Instructions to follow: Output a character-exact copy of the data, images removed.
##### Collected data #####
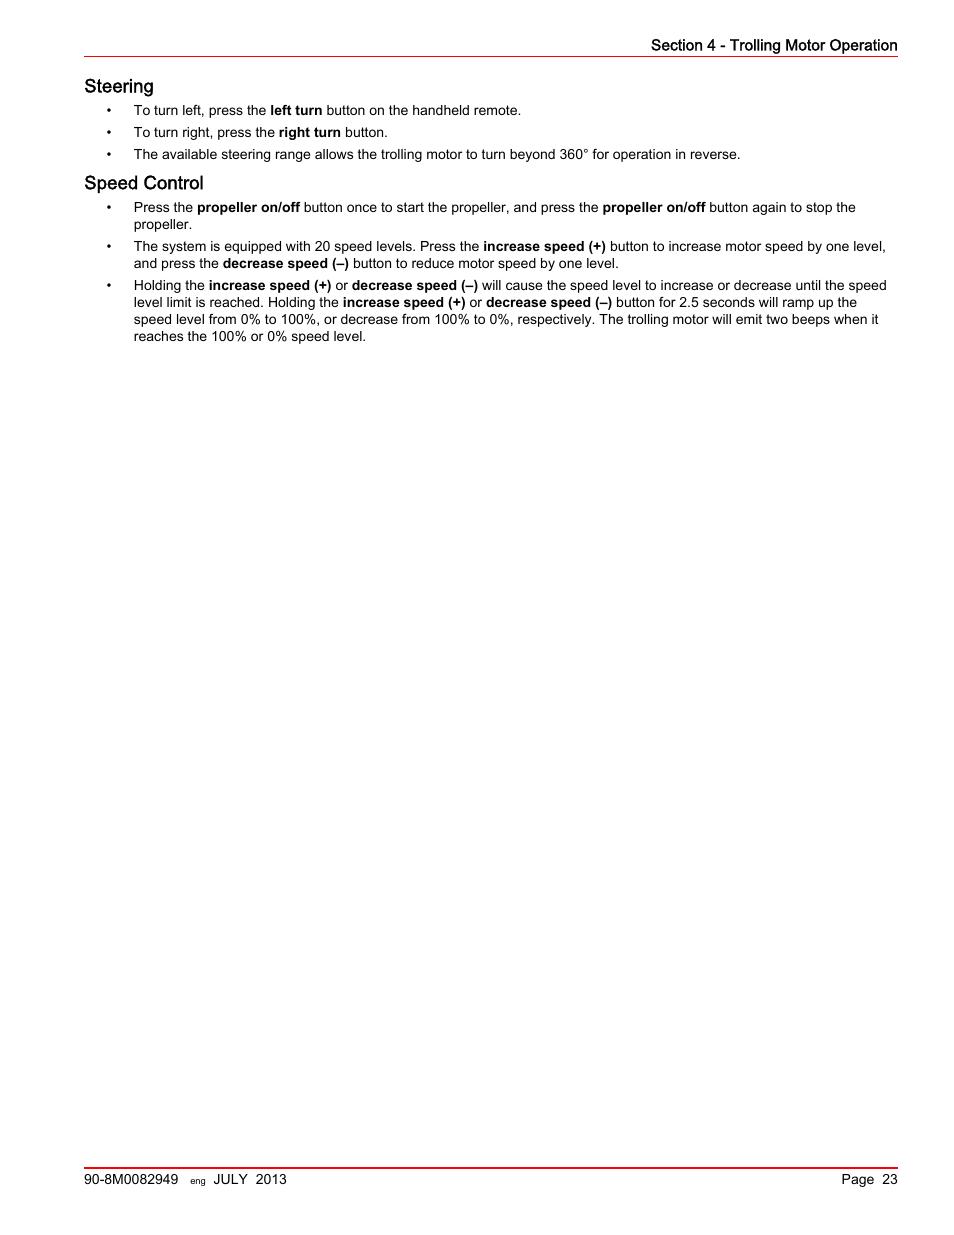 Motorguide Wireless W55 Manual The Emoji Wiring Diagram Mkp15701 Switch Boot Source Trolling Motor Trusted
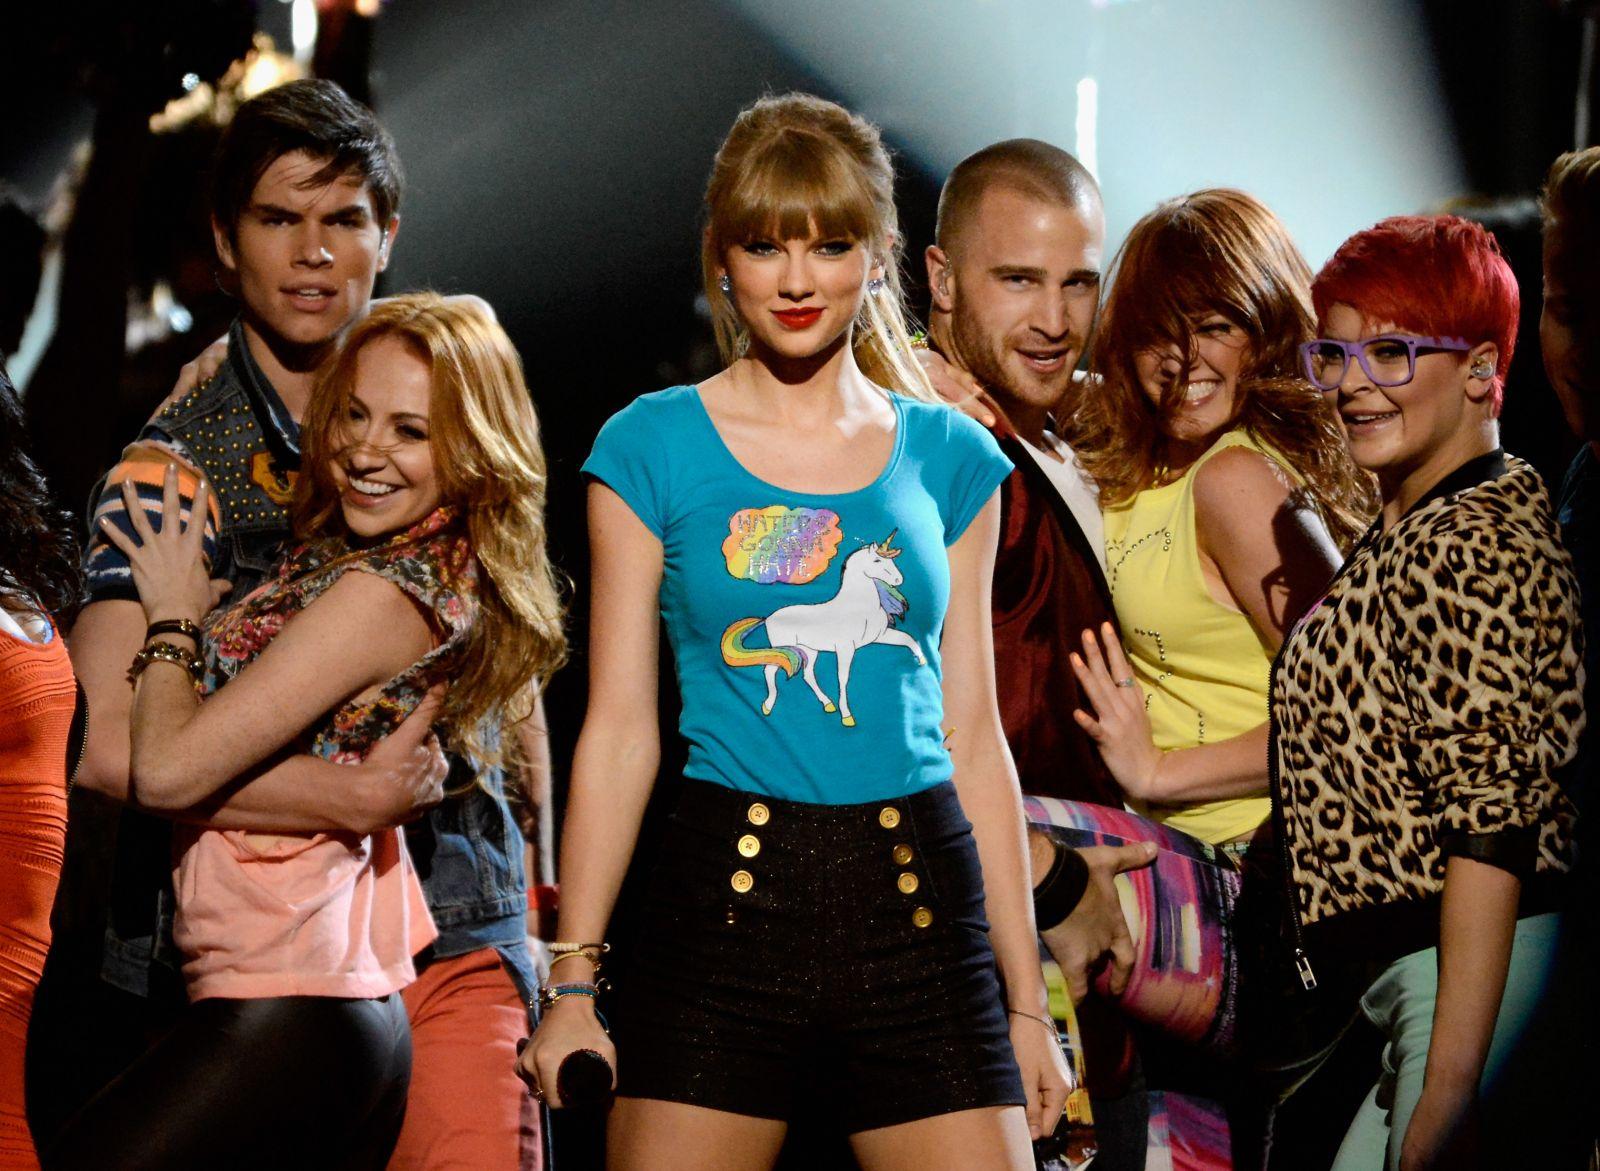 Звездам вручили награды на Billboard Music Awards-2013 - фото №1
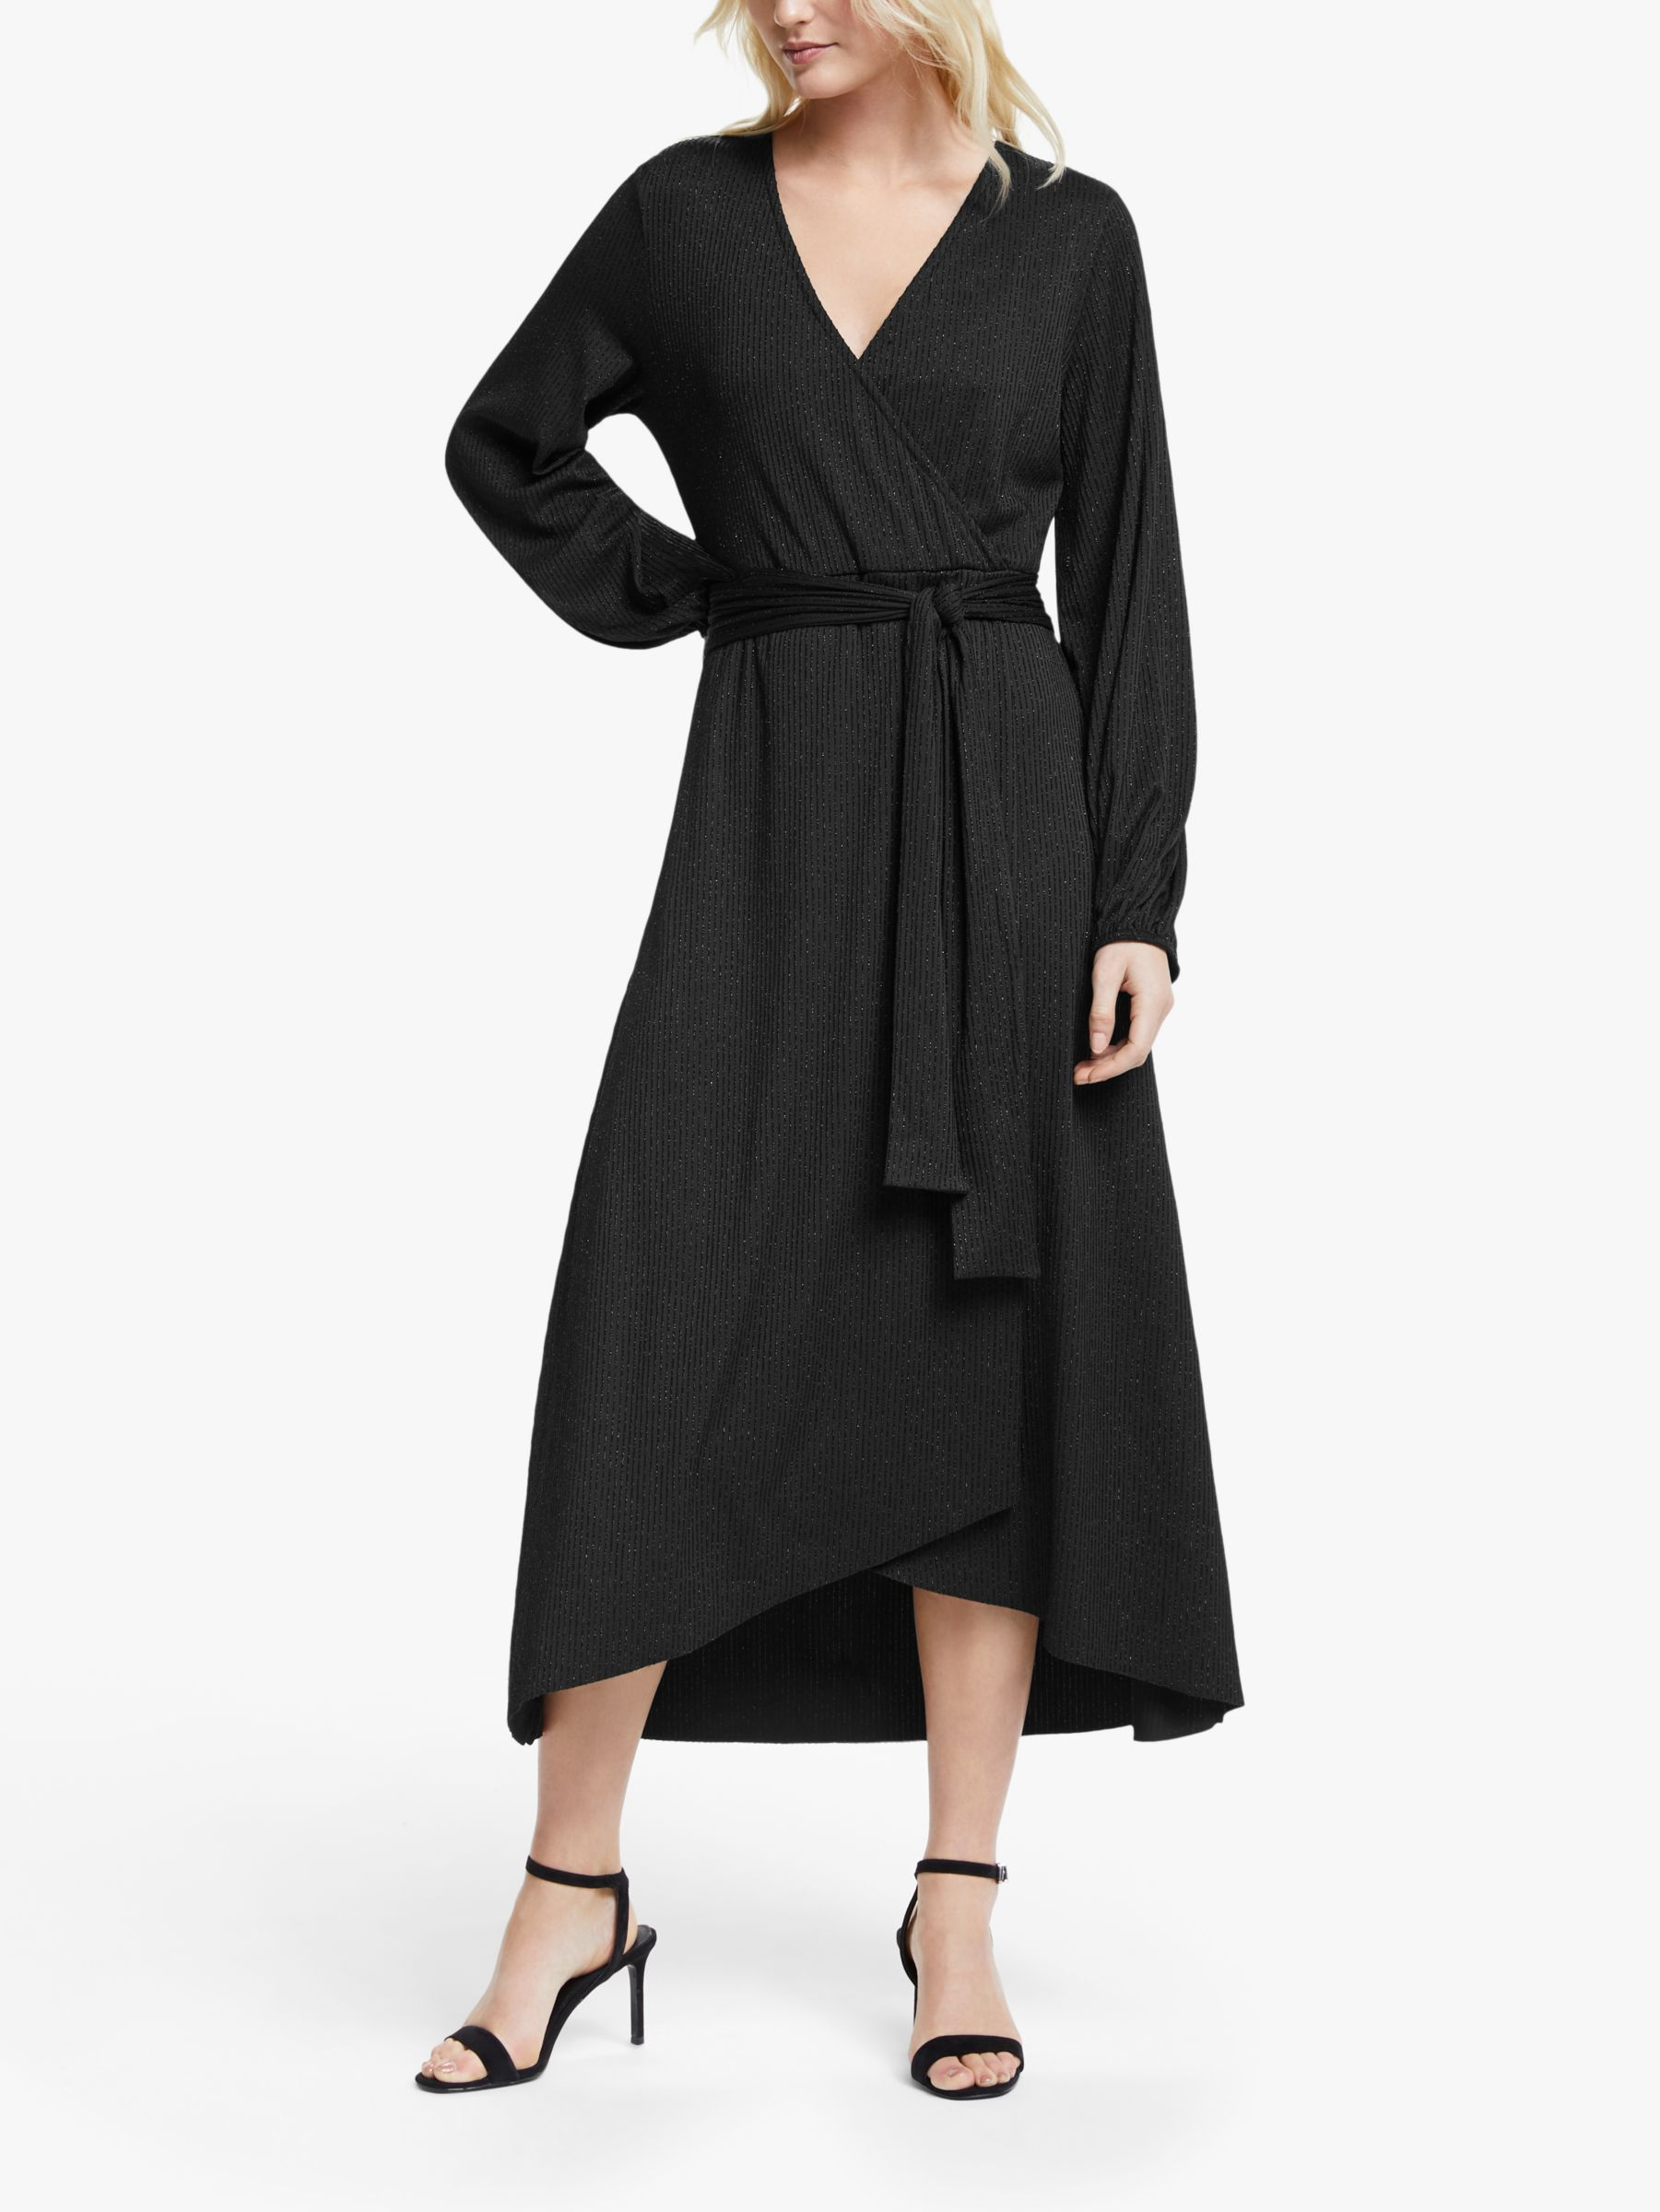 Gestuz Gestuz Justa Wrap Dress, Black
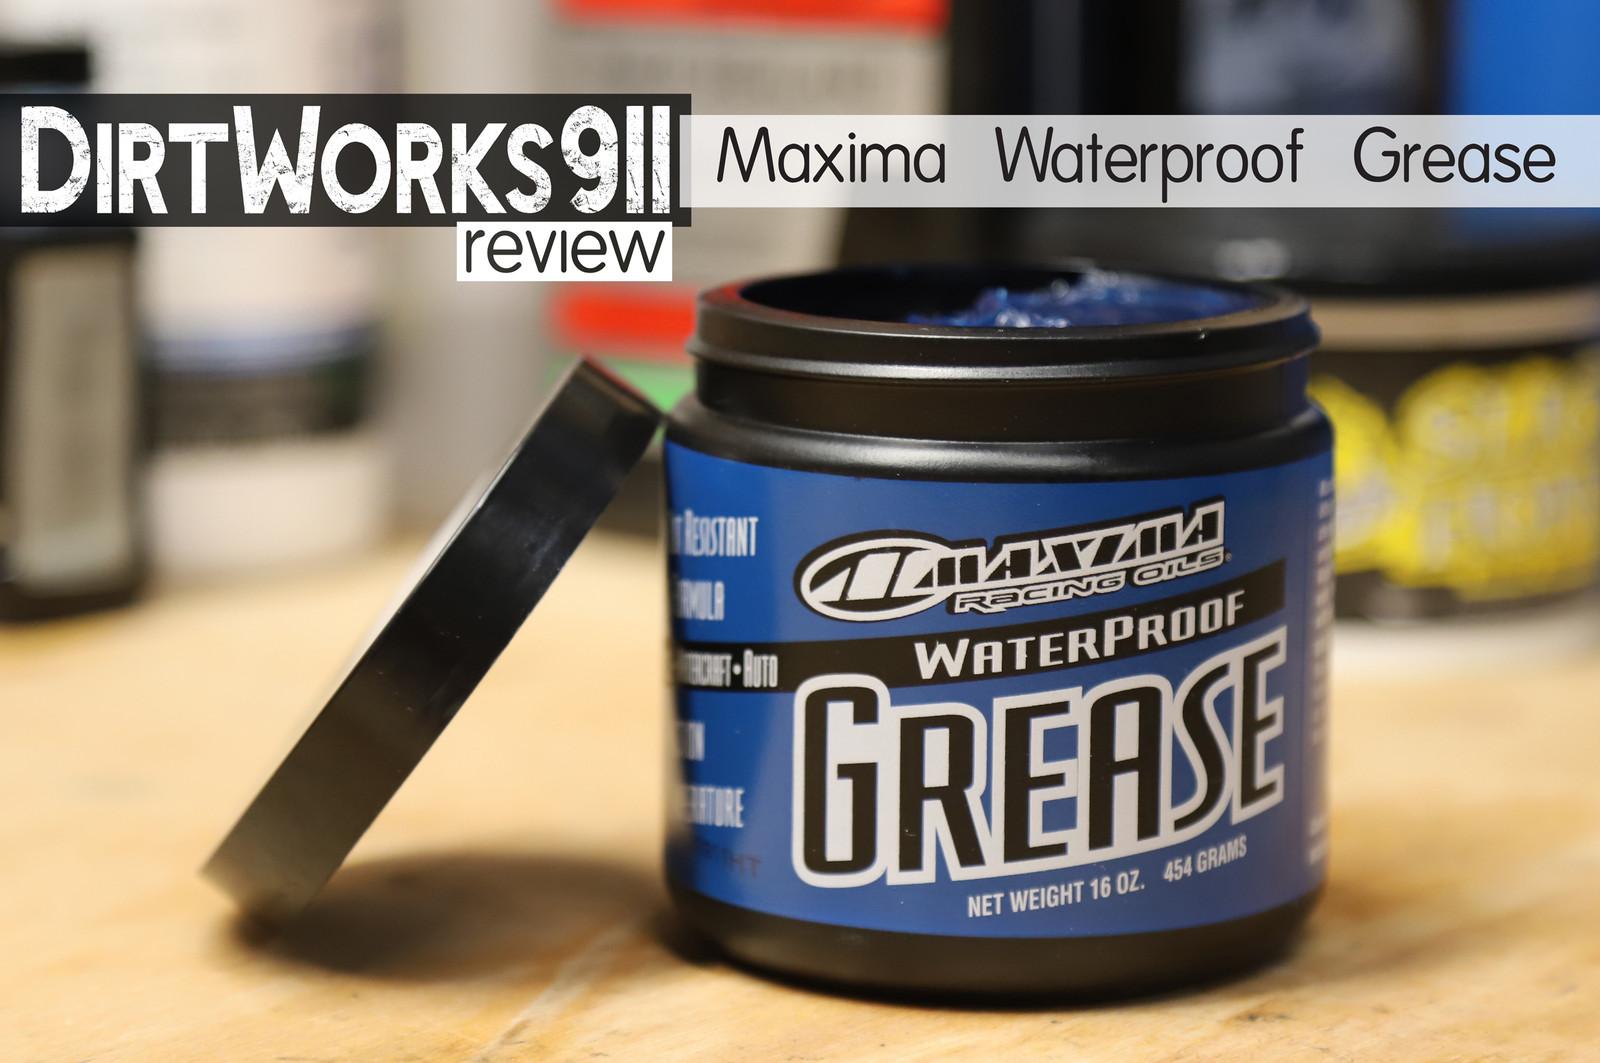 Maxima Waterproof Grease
#####
Result below:
 Motorguide Wireless W55 Manual The Emoji Wiring Diagram Mkp15701 Switch Boot Source Trolling Motor Trusted
 Звездам вручили награды на Billboard Music Awards-2013 - фото №1
 Gestuz Gestuz Justa Wrap Dress, Black
 Maxima Waterproof Grease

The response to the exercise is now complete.